Information shown ->

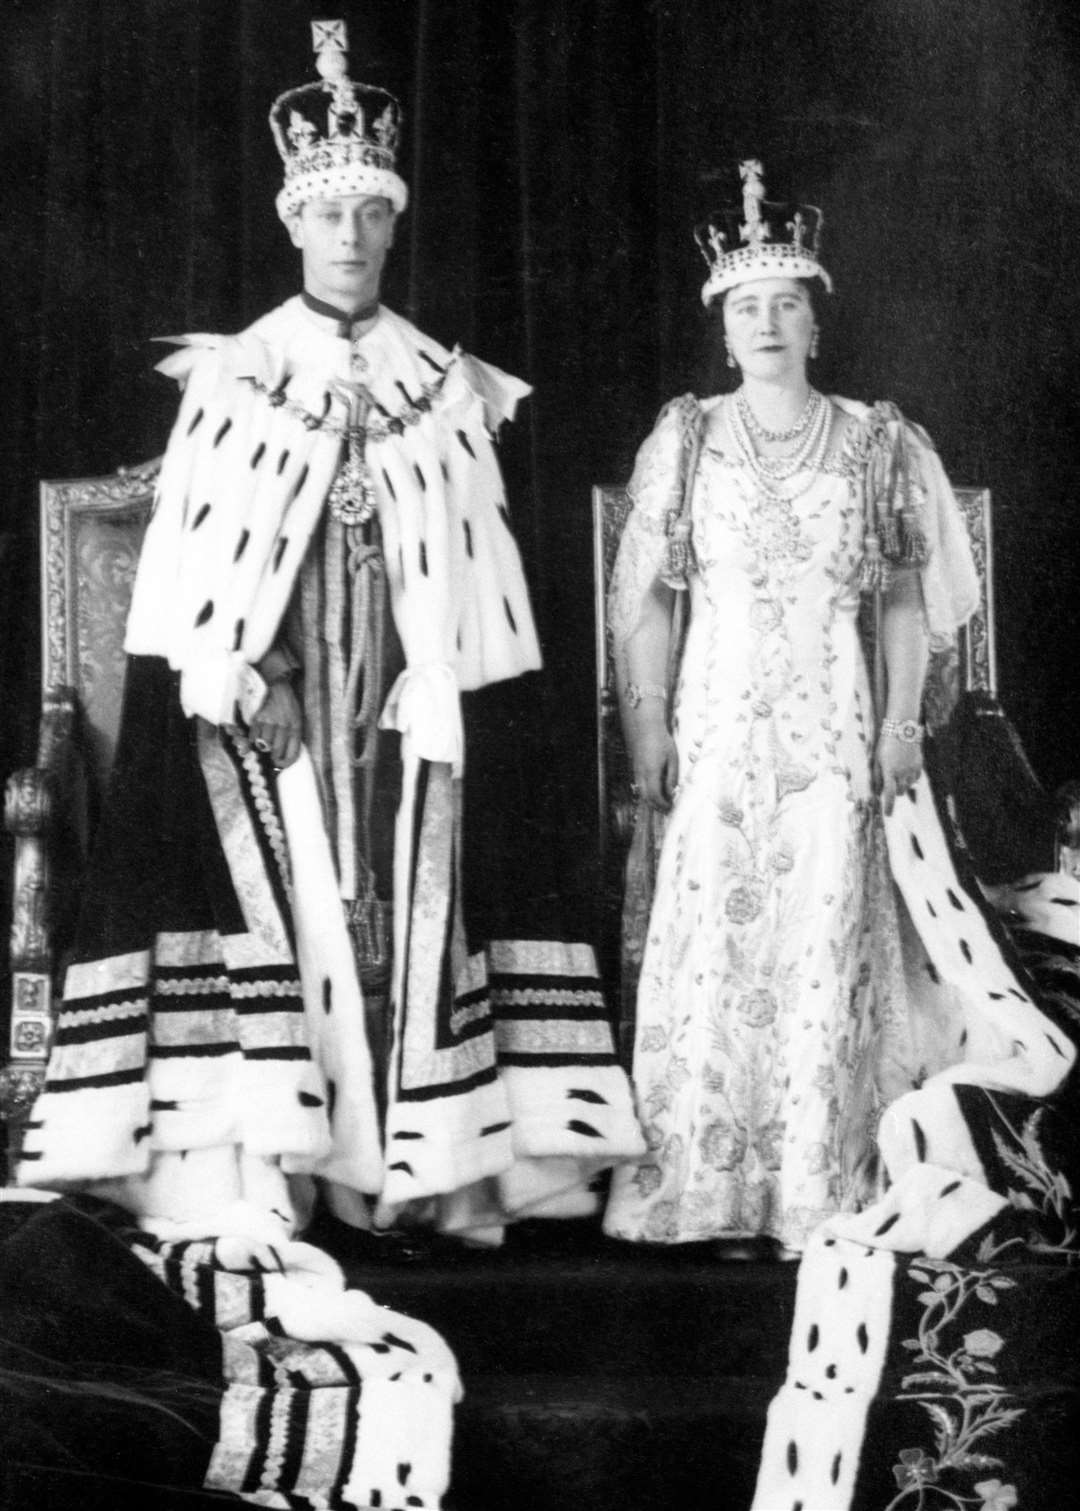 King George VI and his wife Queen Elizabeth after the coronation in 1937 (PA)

--

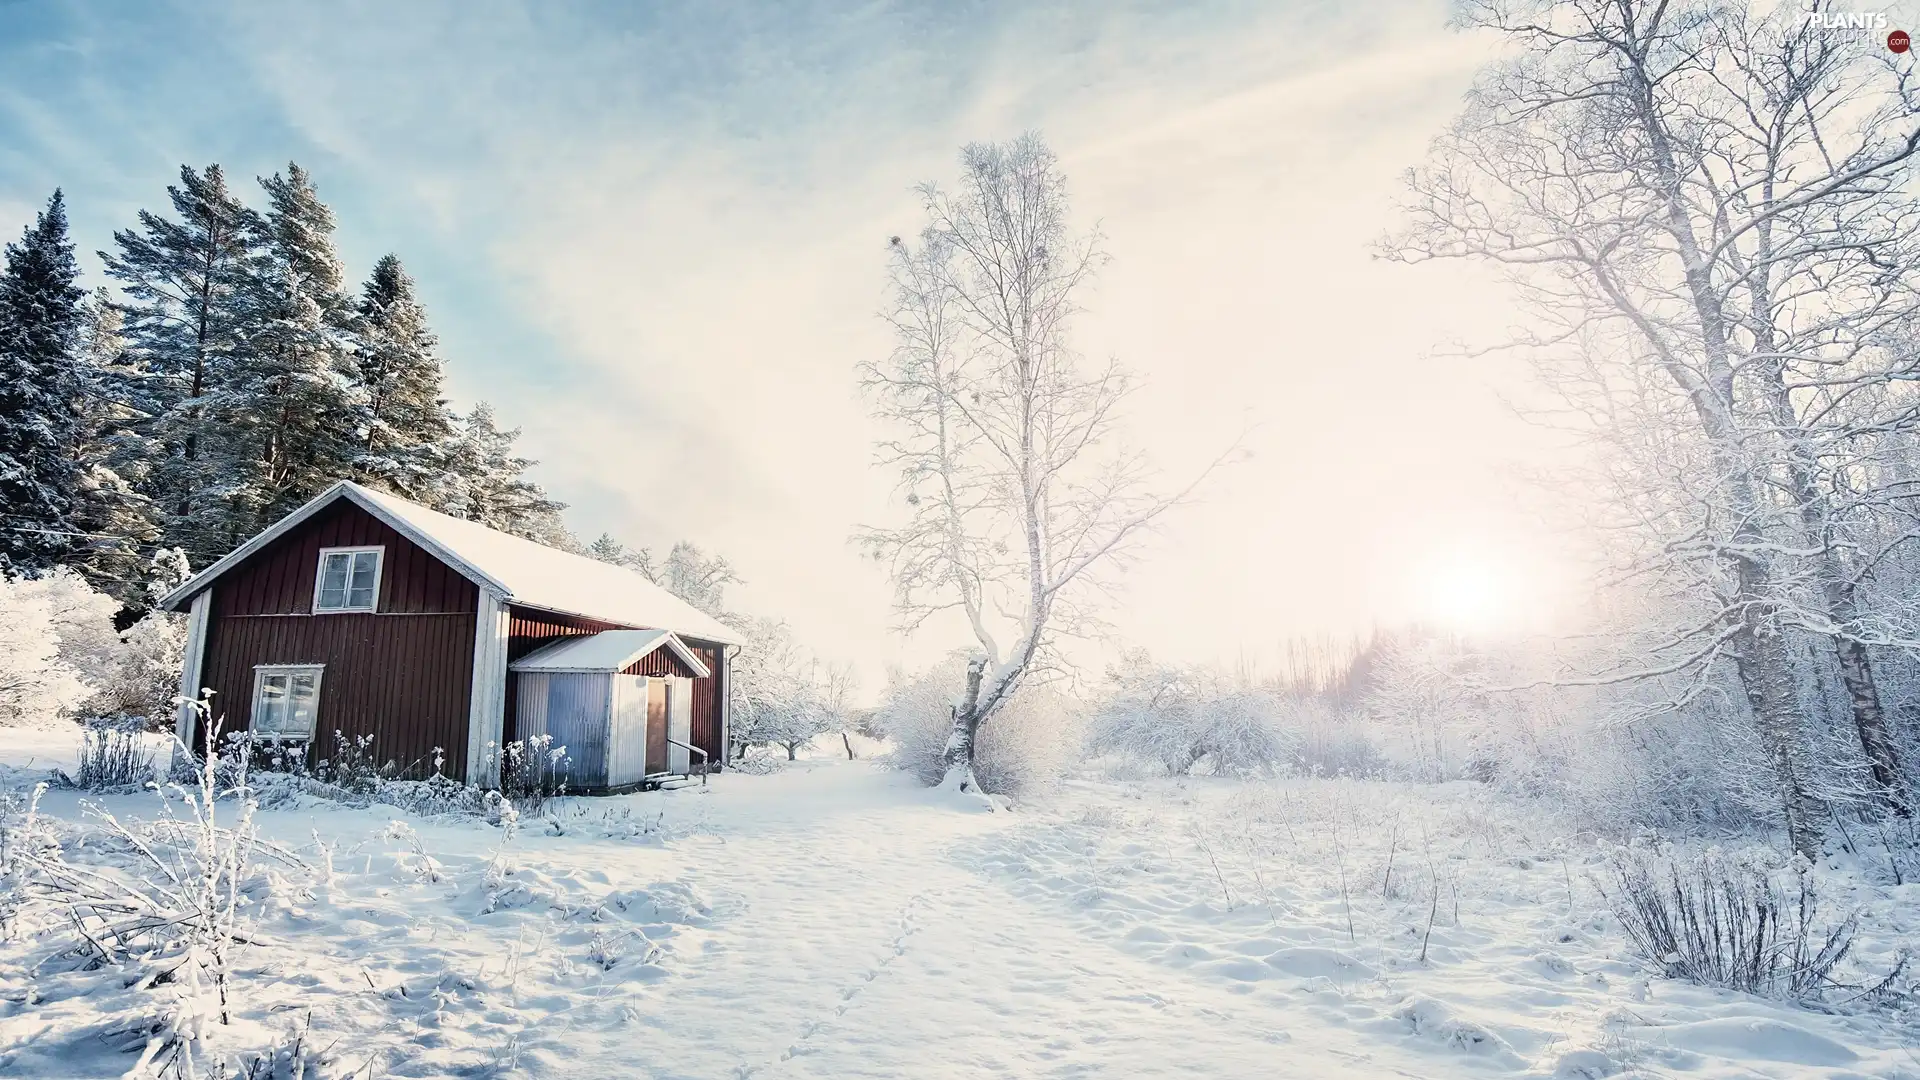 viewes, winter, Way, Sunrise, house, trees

--

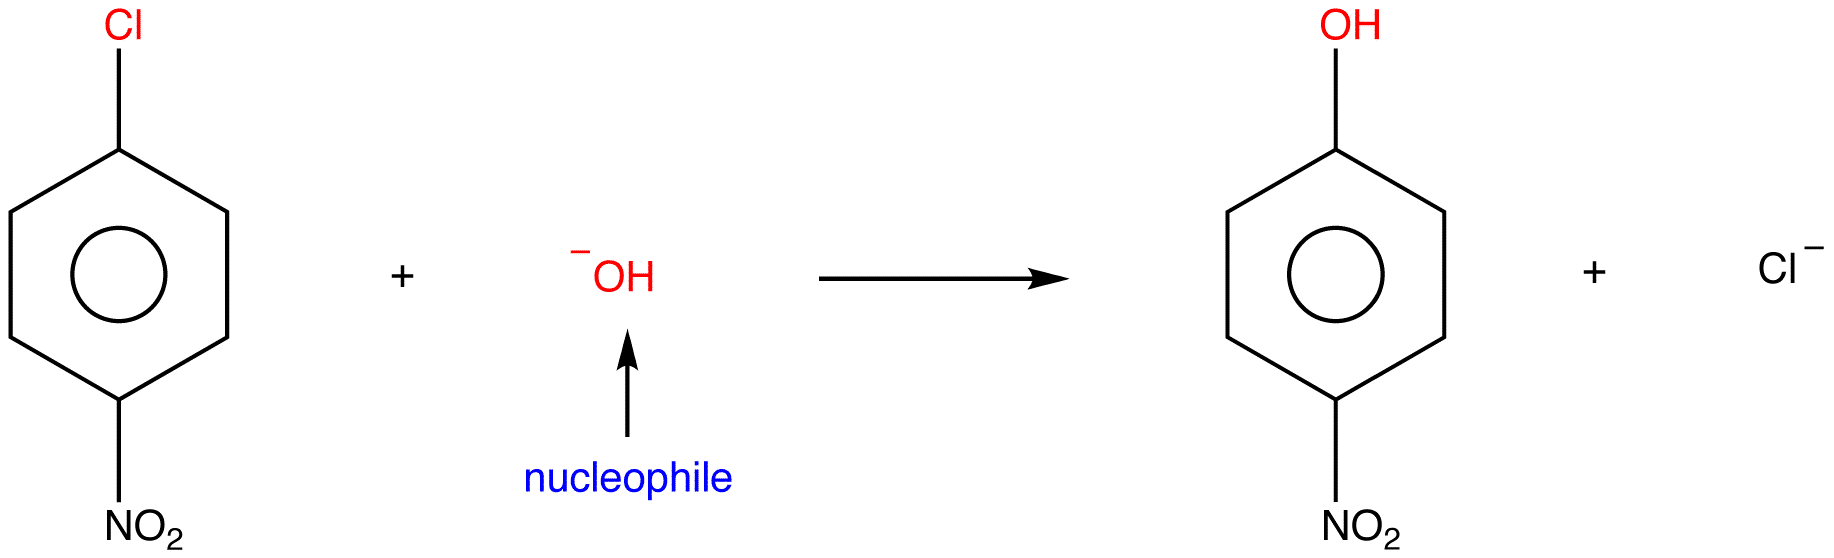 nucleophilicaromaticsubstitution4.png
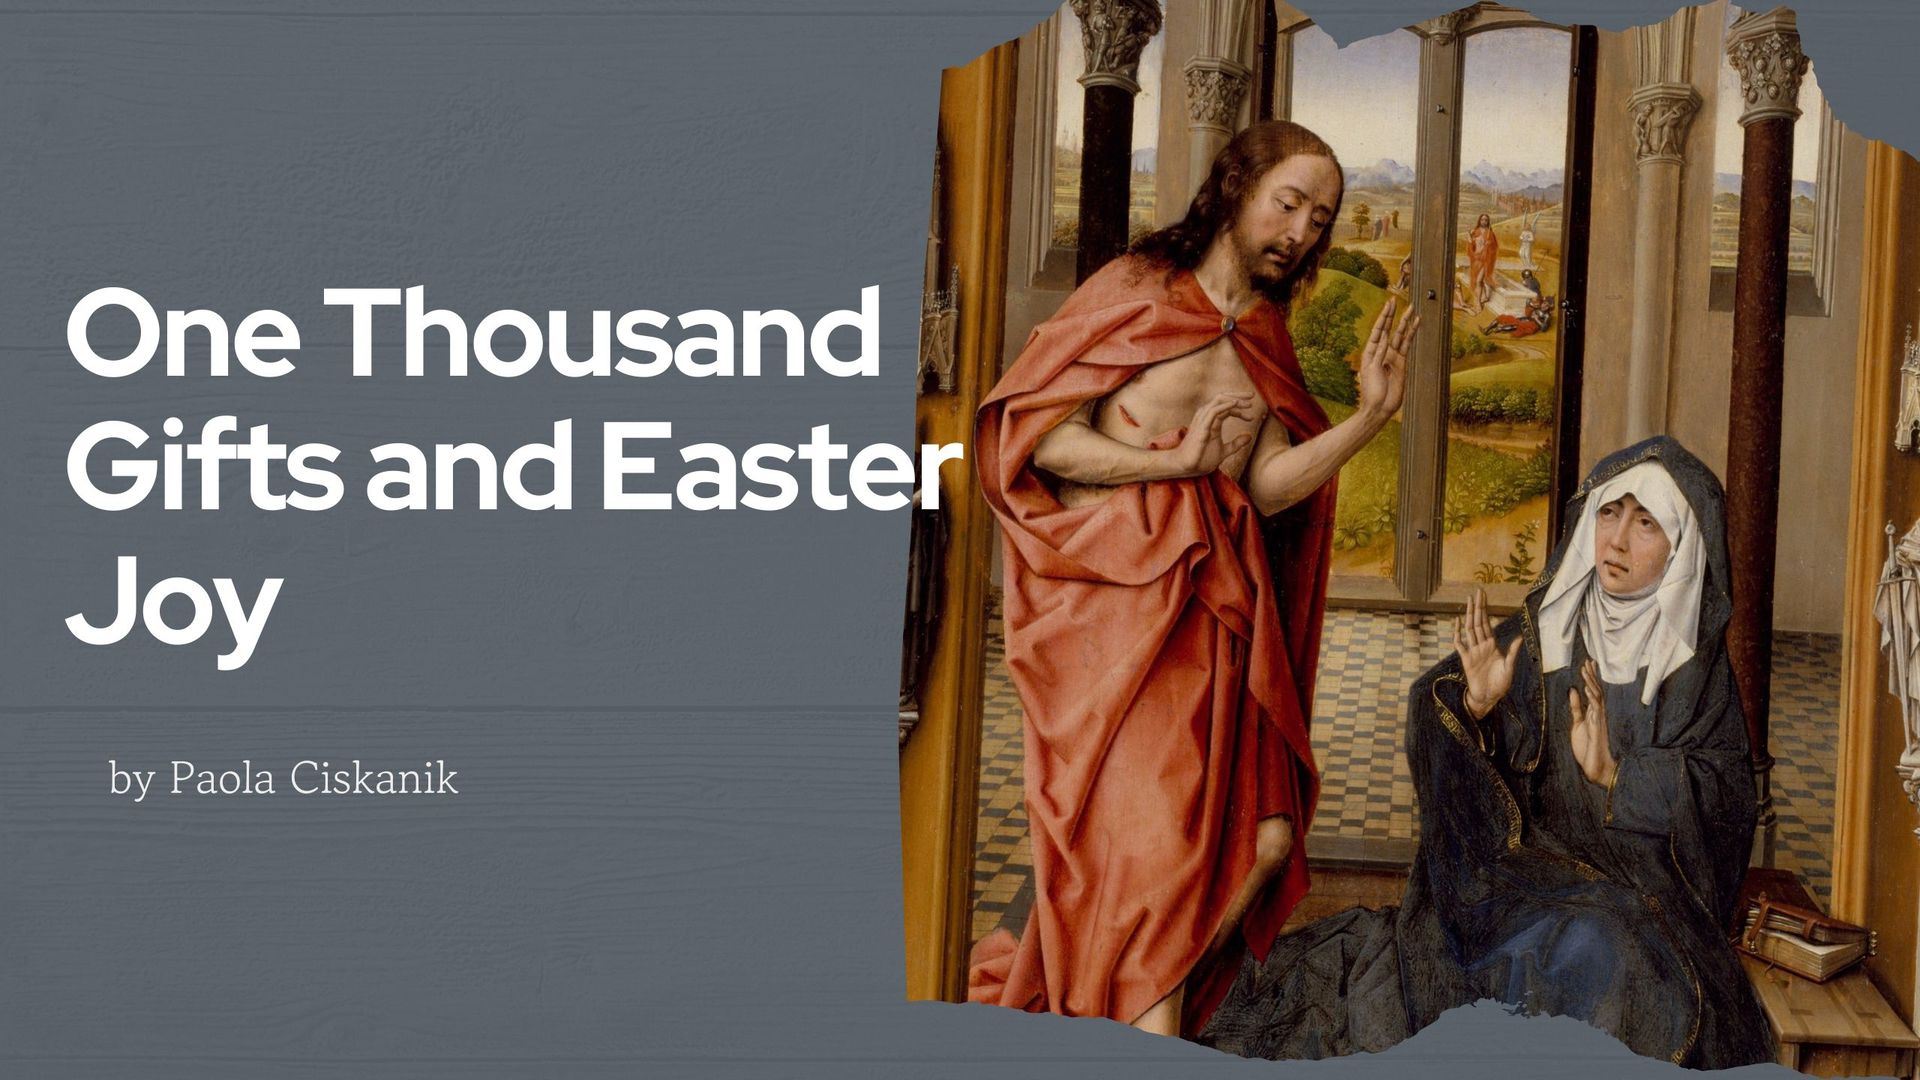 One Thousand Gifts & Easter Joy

Exercise ->
What is needed is an exact copy of the lines above from the one with "nucleophilicaromaticsubstitution4.png" to the one with "One Thousand Gifts & Easter Joy", both ends kept, and nothing more; please leave the pictures out.

Result of this exercise ->
 nucleophilicaromaticsubstitution4.png
 One Thousand Gifts & Easter Joy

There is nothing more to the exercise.